APPELLATE COURT OF ILLINOIS FIRST DISTRICT SIXTH DIVISION
Sep 15, 2017
2017 Ill. App. 162569 (Ill. App. Ct. 2017)

Opinion

No. 1-16-2569 No. 1-16-3190, cons.

09-15-2017

In re MARRIAGE OF FRANK PHILLIPS, Petitioner-Appellant, and SARAH PHILLIPS, Respondent-Appellee.


NOTICE: This order was filed under Supreme Court Rule 23 and may not be cited as precedent by any party except in the limited circumstances allowed under Rule 23(e)(1).

Appeal from the Circuit Court of Cook County

No. 10 D 1784

Honorable Mary Trew, Judge, Presiding.

PRESIDING JUSTICE HOFFMAN delivered the judgment of the court.
Justice Rochford concurred in the judgment.
Justice Delort specially concurred.

ORDER

¶ 1 Held: We: (1) affirm the circuit court's judgment which granted in part the respondent's motion to reconsider the denial of her petition for adjudication of indirect civil contempt and found that the petitioner owes her $100,000; and (2) dismiss as moot the petitioner's appeal from the circuit court's order denying his emergency motion to set an appeal bond.

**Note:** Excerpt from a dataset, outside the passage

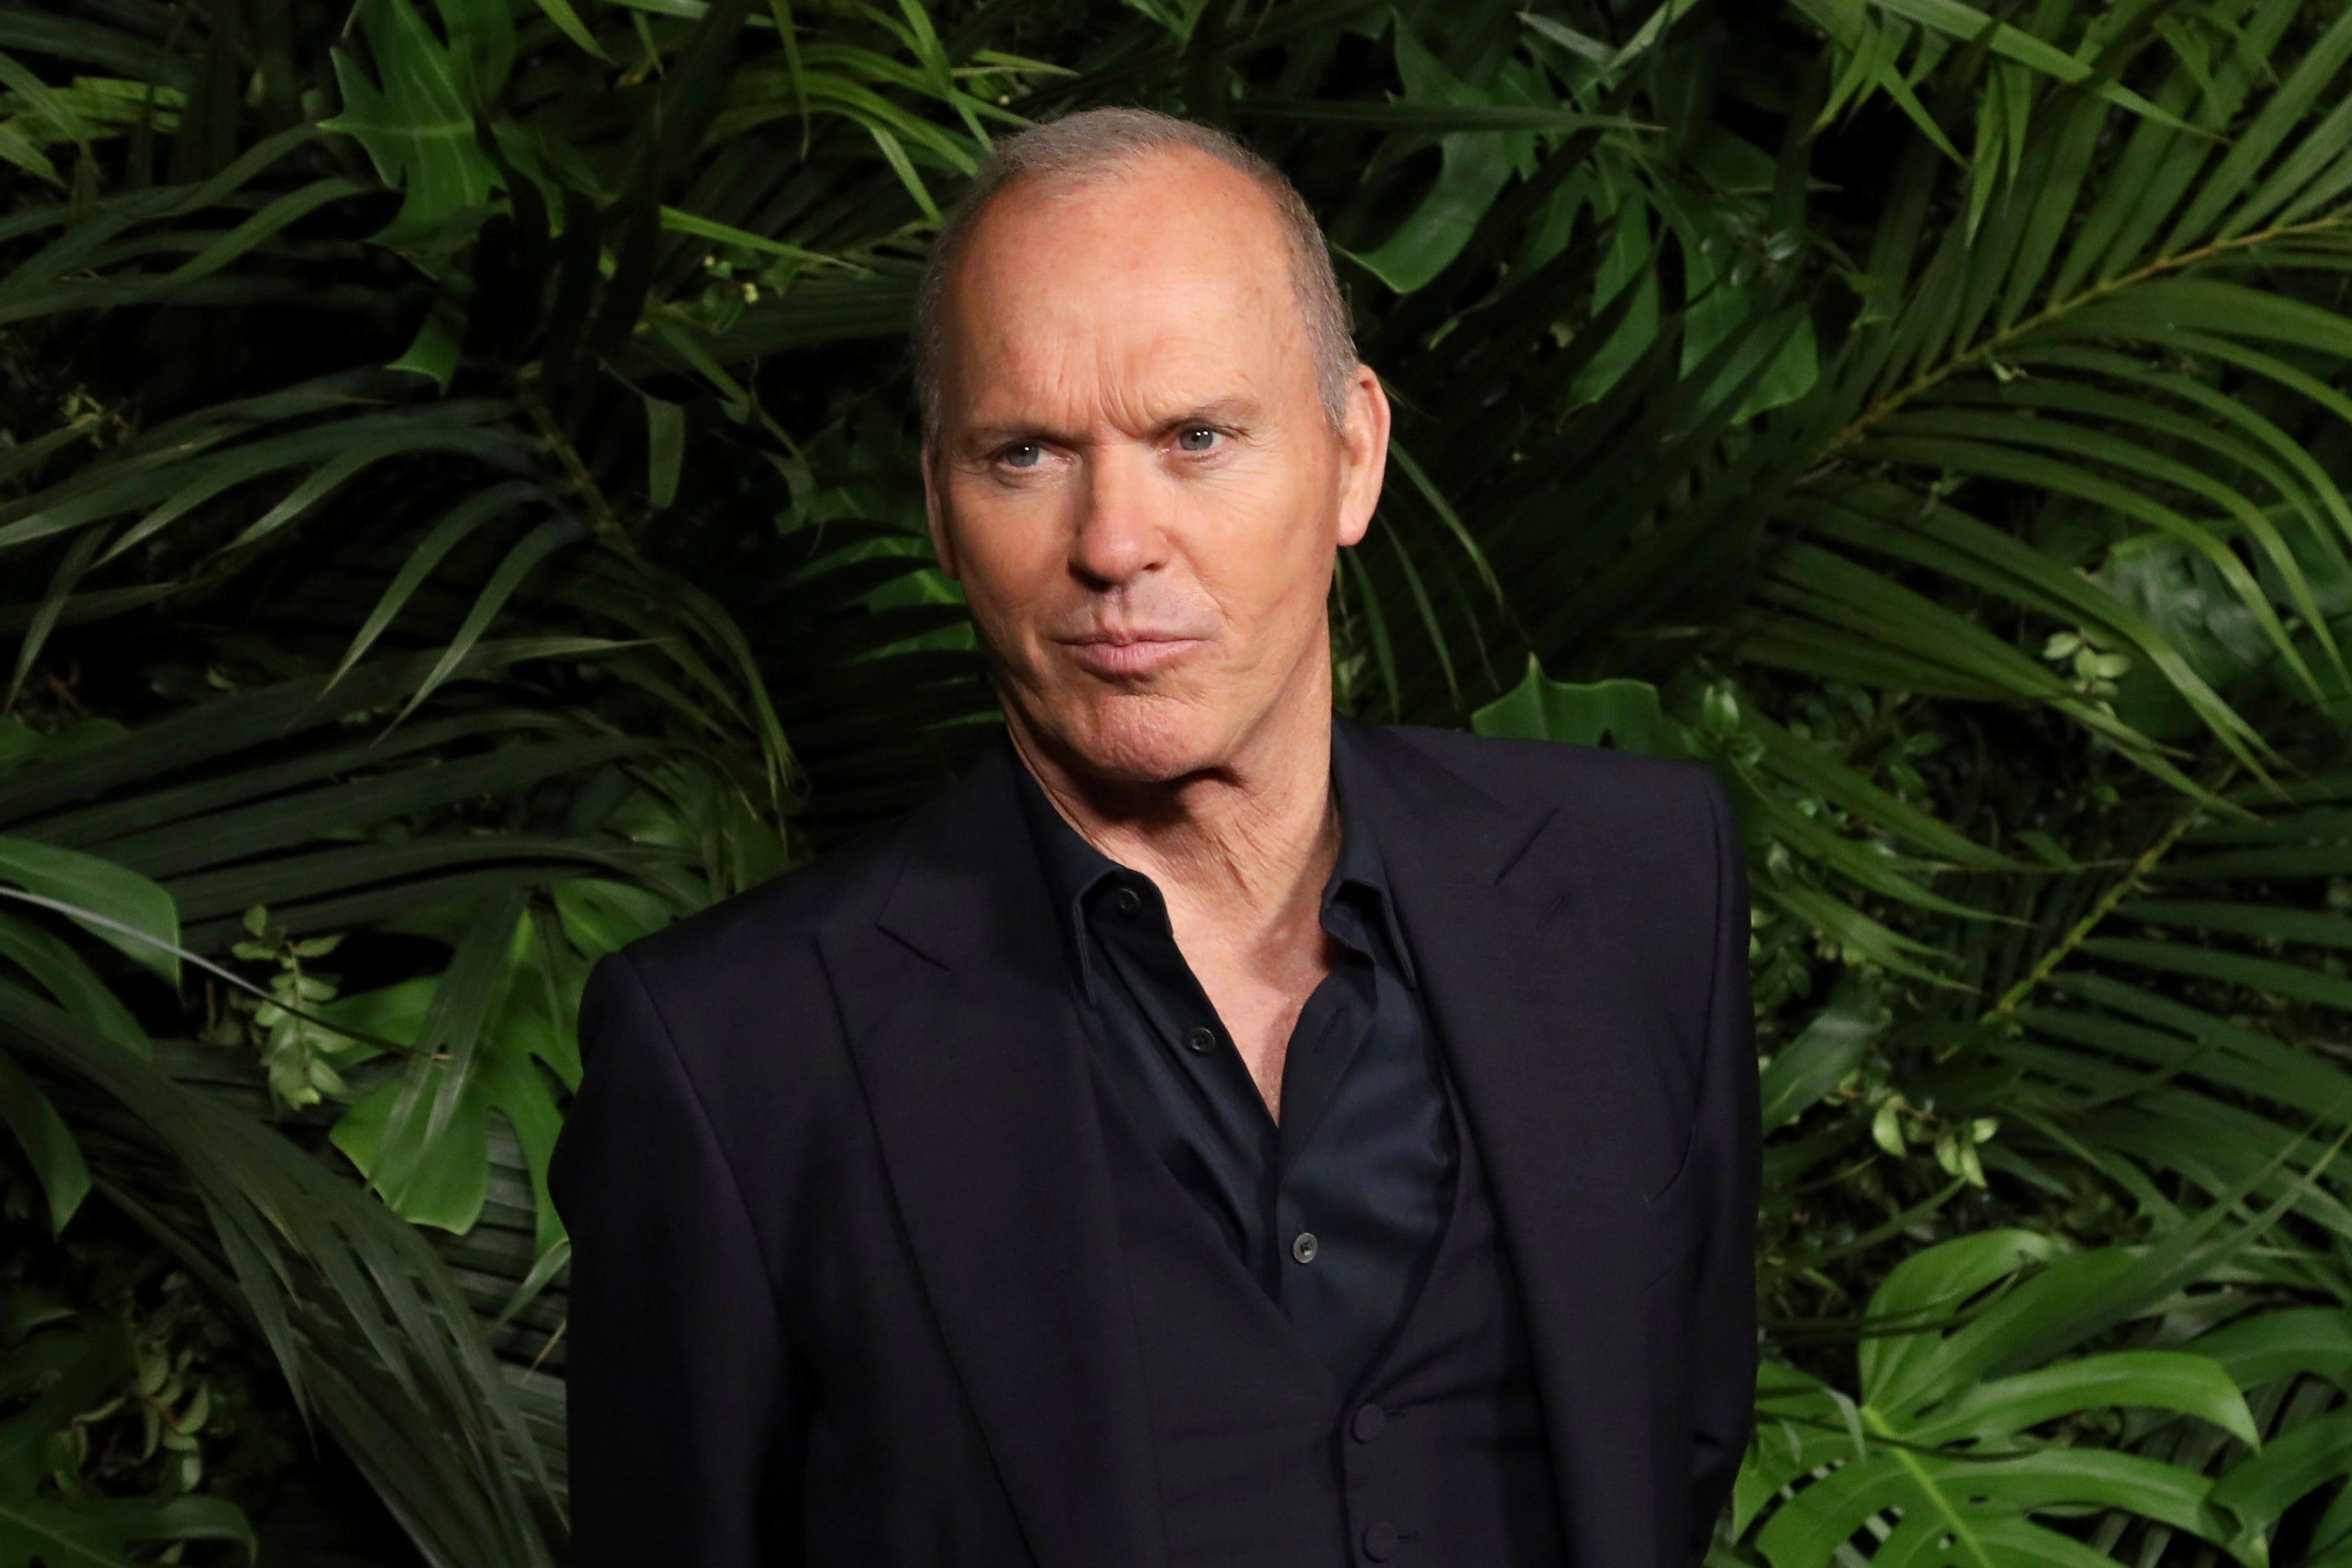 Michael Keaton in Los Angeles in 2020.

¶ 2 The petitioner, Frank Phillips (Frank), appeals from various orders entered by the circuit court in the instant post-decree dissolution of marriage proceeding brought by the respondent, Sarah Phillips (Sarah), seeking to hold him in indirect civil contempt for failing to make his

required payments under the dissolution judgment. On appeal, Frank contends that the circuit court erred by: (1) denying his motion to dismiss Sarah's petition for adjudication of indirect civil contempt under section 2-619 of the Code of Civil Procedure (Code) (735 ILCS 5/2-619 (West 2012)); (2) granting in part Sarah's motion to reconsider the denial of her petition for adjudication of indirect civil contempt and finding that he owes her $100,000 under the dissolution judgment; and (3) denying his emergency motion to set an appeal bond. For the reasons which follow, we affirm in part and dismiss in part.

¶ 3 The following factual recitation is taken from the pleadings, testimony, and exhibits of record.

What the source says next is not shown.